**Activity:**
In the entries below, find the lines that contain the word "chrysanthemum" and copy them.

Stored records
════
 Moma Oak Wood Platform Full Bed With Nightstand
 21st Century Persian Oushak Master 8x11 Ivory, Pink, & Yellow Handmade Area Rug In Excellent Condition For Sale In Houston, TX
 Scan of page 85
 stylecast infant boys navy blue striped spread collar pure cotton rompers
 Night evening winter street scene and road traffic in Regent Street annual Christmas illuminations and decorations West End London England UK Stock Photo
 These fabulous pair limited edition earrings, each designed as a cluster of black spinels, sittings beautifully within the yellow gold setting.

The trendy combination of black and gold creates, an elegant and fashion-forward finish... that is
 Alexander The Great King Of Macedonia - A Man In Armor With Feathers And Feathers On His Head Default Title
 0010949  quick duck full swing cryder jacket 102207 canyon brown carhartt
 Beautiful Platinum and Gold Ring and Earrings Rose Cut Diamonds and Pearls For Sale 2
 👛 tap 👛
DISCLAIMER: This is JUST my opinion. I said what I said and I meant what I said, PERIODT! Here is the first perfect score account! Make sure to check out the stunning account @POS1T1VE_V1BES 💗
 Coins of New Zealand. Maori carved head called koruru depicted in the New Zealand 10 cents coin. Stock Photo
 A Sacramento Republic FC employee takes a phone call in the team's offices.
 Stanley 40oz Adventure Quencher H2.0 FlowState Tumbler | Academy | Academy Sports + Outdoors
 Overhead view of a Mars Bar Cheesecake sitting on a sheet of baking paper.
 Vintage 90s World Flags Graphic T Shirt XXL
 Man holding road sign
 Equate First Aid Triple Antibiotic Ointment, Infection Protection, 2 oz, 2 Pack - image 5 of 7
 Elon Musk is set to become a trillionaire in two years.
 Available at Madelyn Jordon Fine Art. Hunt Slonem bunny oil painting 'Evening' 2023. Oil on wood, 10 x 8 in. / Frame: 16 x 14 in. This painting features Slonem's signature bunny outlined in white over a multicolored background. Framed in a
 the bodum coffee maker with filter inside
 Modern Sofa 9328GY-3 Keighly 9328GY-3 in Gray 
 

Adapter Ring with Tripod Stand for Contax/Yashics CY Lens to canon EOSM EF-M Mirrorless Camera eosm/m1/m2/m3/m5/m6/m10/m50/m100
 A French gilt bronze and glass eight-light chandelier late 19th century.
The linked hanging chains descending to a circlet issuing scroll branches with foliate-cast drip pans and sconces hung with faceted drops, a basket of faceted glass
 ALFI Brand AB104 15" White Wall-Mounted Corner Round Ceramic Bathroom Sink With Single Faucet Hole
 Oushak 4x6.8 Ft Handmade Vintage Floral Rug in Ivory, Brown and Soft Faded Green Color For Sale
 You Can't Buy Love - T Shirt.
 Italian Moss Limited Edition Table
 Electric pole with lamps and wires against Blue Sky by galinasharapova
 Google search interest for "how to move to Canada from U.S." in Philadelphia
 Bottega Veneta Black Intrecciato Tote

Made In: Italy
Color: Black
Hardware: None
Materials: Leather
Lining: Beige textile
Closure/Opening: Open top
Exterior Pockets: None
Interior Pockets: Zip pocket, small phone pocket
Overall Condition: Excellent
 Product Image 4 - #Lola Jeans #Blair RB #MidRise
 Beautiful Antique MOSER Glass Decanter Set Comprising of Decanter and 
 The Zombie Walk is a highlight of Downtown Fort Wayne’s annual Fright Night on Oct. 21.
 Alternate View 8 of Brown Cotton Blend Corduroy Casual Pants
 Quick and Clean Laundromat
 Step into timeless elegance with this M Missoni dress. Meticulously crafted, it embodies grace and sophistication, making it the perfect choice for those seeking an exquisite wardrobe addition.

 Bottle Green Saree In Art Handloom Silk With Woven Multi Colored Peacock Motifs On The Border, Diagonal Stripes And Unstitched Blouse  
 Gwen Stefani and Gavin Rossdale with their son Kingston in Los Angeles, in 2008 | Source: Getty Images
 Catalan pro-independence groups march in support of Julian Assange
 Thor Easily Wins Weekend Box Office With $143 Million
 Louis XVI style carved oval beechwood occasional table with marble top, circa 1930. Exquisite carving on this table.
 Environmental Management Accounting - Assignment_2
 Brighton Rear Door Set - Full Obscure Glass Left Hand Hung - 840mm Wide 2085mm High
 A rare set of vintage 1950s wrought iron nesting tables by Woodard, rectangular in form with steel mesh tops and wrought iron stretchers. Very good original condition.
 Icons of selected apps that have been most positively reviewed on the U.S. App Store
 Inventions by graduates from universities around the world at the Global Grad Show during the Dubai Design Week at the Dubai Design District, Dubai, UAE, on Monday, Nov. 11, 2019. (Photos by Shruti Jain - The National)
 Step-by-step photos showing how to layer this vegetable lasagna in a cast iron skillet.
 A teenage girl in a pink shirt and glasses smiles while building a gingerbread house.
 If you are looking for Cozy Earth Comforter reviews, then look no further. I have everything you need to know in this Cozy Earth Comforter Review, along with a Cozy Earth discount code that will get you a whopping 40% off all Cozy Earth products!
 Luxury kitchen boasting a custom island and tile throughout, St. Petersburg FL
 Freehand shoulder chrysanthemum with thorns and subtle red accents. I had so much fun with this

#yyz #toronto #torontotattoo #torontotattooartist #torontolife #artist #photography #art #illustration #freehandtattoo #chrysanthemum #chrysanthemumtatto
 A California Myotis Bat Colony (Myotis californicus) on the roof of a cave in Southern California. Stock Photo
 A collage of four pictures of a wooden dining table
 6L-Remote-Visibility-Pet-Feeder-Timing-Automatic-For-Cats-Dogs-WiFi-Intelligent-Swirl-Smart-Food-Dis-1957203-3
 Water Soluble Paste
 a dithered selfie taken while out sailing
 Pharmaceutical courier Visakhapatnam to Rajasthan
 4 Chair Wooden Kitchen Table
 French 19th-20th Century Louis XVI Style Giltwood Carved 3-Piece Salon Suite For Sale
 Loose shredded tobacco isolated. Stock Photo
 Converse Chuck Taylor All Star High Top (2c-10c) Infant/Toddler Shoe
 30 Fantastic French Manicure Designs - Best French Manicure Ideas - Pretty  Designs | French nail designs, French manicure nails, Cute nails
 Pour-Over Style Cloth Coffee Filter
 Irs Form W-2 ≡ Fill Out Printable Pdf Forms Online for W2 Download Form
════
**Result of this task:**
 Freehand shoulder chrysanthemum with thorns and subtle red accents. I had so much fun with this
#yyz #toronto #torontotattoo #torontotattooartist #torontolife #artist #photography #art #illustration #freehandtattoo #chrysanthemum #chrysanthemumtatto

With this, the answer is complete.